Tuesday, March 31, 2009

In Search of the Elusive Milk - Attempt #2

I was excited to find a can of condensed milk thinking I'd make myself some of that coffee with condensed milk without the trip to Chinatown. It seemed like the logical thing to do while I was desperate for coffee but would do anything but leave the house to buy milk.

With this milk, the condensed part was certainly a misnomer since it had expanded so much inside that both ends were bulging!!!!

When I opened the can it made a hissing noise. I was prepared to drain it down the sink as I did the other. Well, with an expiration date of 5/97 the draining of chunky milk time had well passed. The can was wrong!! It was condensed after all but unfortunately it was into a solid orangey mass!!

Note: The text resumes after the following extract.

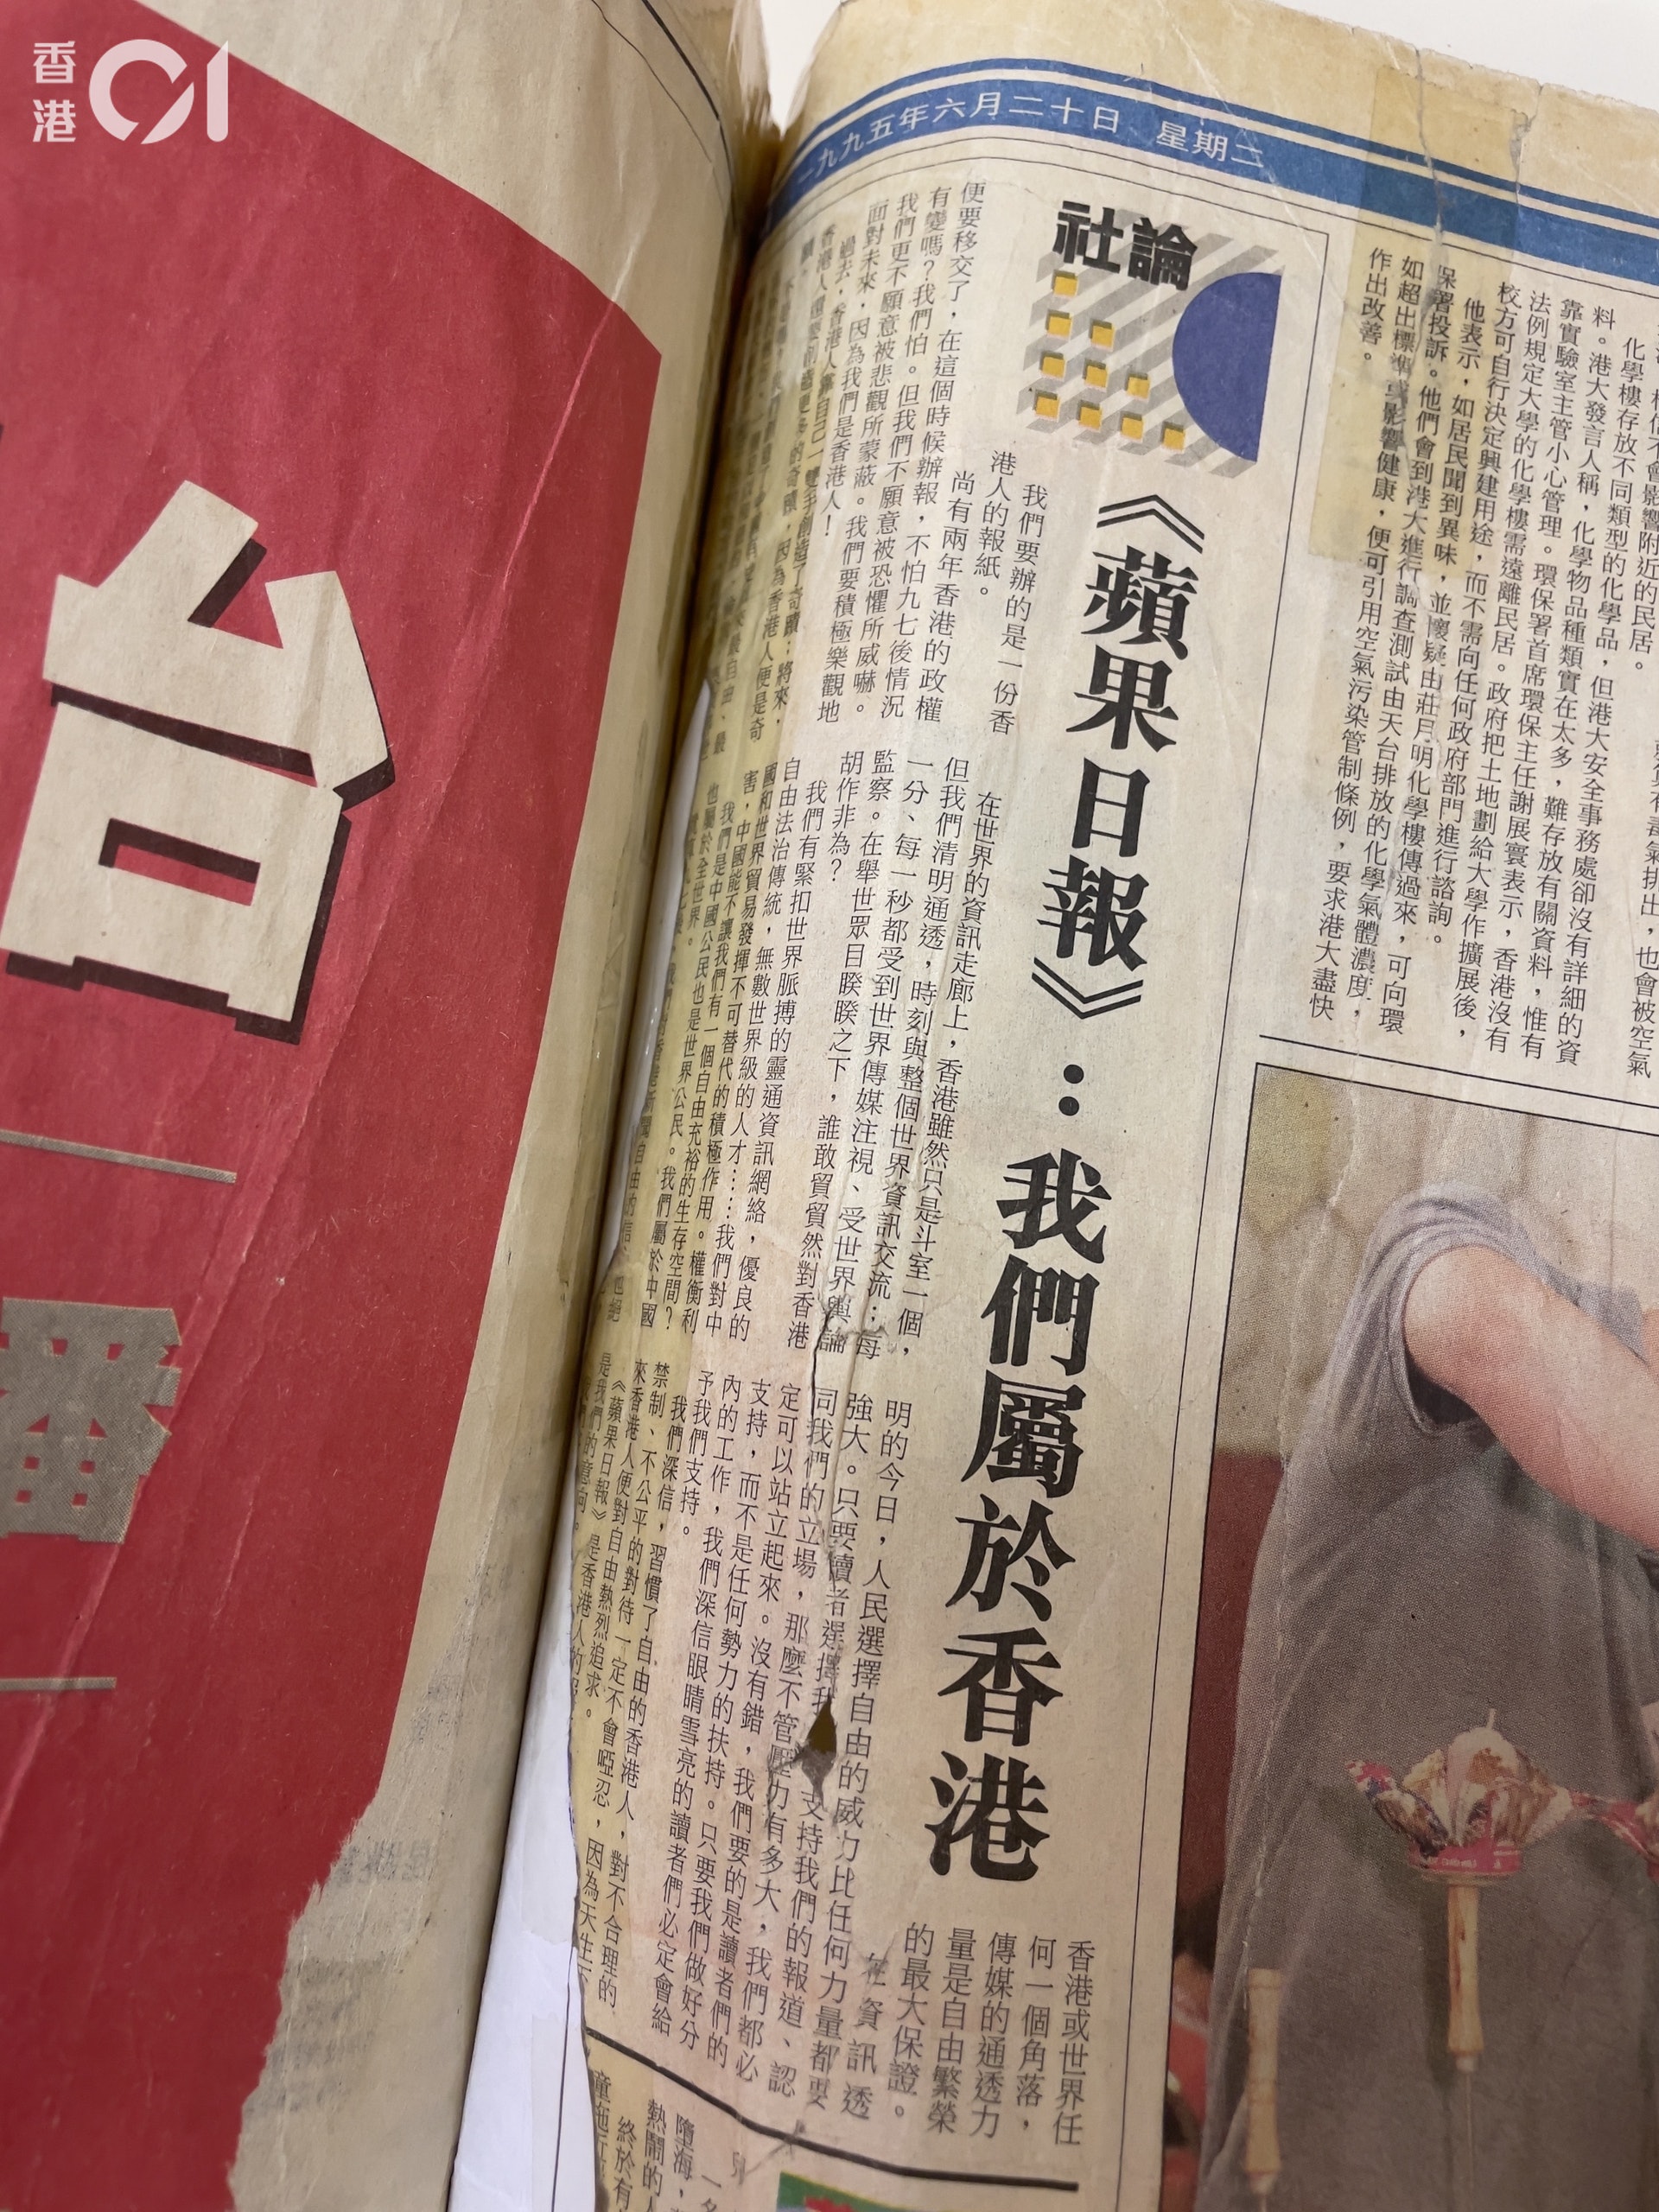 1995年6月20日創刊日，《蘋果日報》在當天的社論曾表明要辦一份「香港人的報紙」，又指尚有兩年便要移交政權，雖然害怕1997年後情況有變，「但我們不願意被恐懼所威嚇」。（盧翊銘攝）

Does orange milk come from orange cows????

"Don't Want To Be An Angel Yet" Food Cake

I came across a package of angel food cake mix from 1989. If you notice on the bottom right side of the back they seem to be using a glass soda bottle to prop it up!

If you look at the side you can see that the nutrition fact label is not the new style introduced in the 90s.

A few years back I remembered hearing about old mixes being dangerous to eat so I checked it out on snopes. It looks as if it can be dangerous if mold grows in the flour. This can happen if the flour is kept loose in the box or in plain paper envelopes. Taking their advice I investigated further to see how the flour was packaged.

I just love those fancy 80s graphics!!!!

Unfortunately these were just in plain paper wrappings and smelled like basement (makes sense since they have been in the basment for 20 years).

Oh well, I guess they're off to the trash! Now I really want some angel food cake.....

Saturday, March 28, 2009

Where Do You Find A Recipe For Old Food?

Why from a Bon Appetite cookbook from August 1990 of course!!!!!

Friday, March 27, 2009

In Search of the Elusive Milk - Attempt #1

In case of a coffee emergency (no milk) there is always, always, always a box of cupboard milk. This stuff stays fresh forever....or so I thought. Apparently they have expiration dates, and you should pay attention to that stamped date for a reason.

Exhibit A: A box of cupboard milk with an expiration date of 4/25/2007.

I was assuming it would still be good, it's pasturized using ultra high temperature!! Boy how wrong I was, it was so chunky it just sat in the sink until I squished it down the drain.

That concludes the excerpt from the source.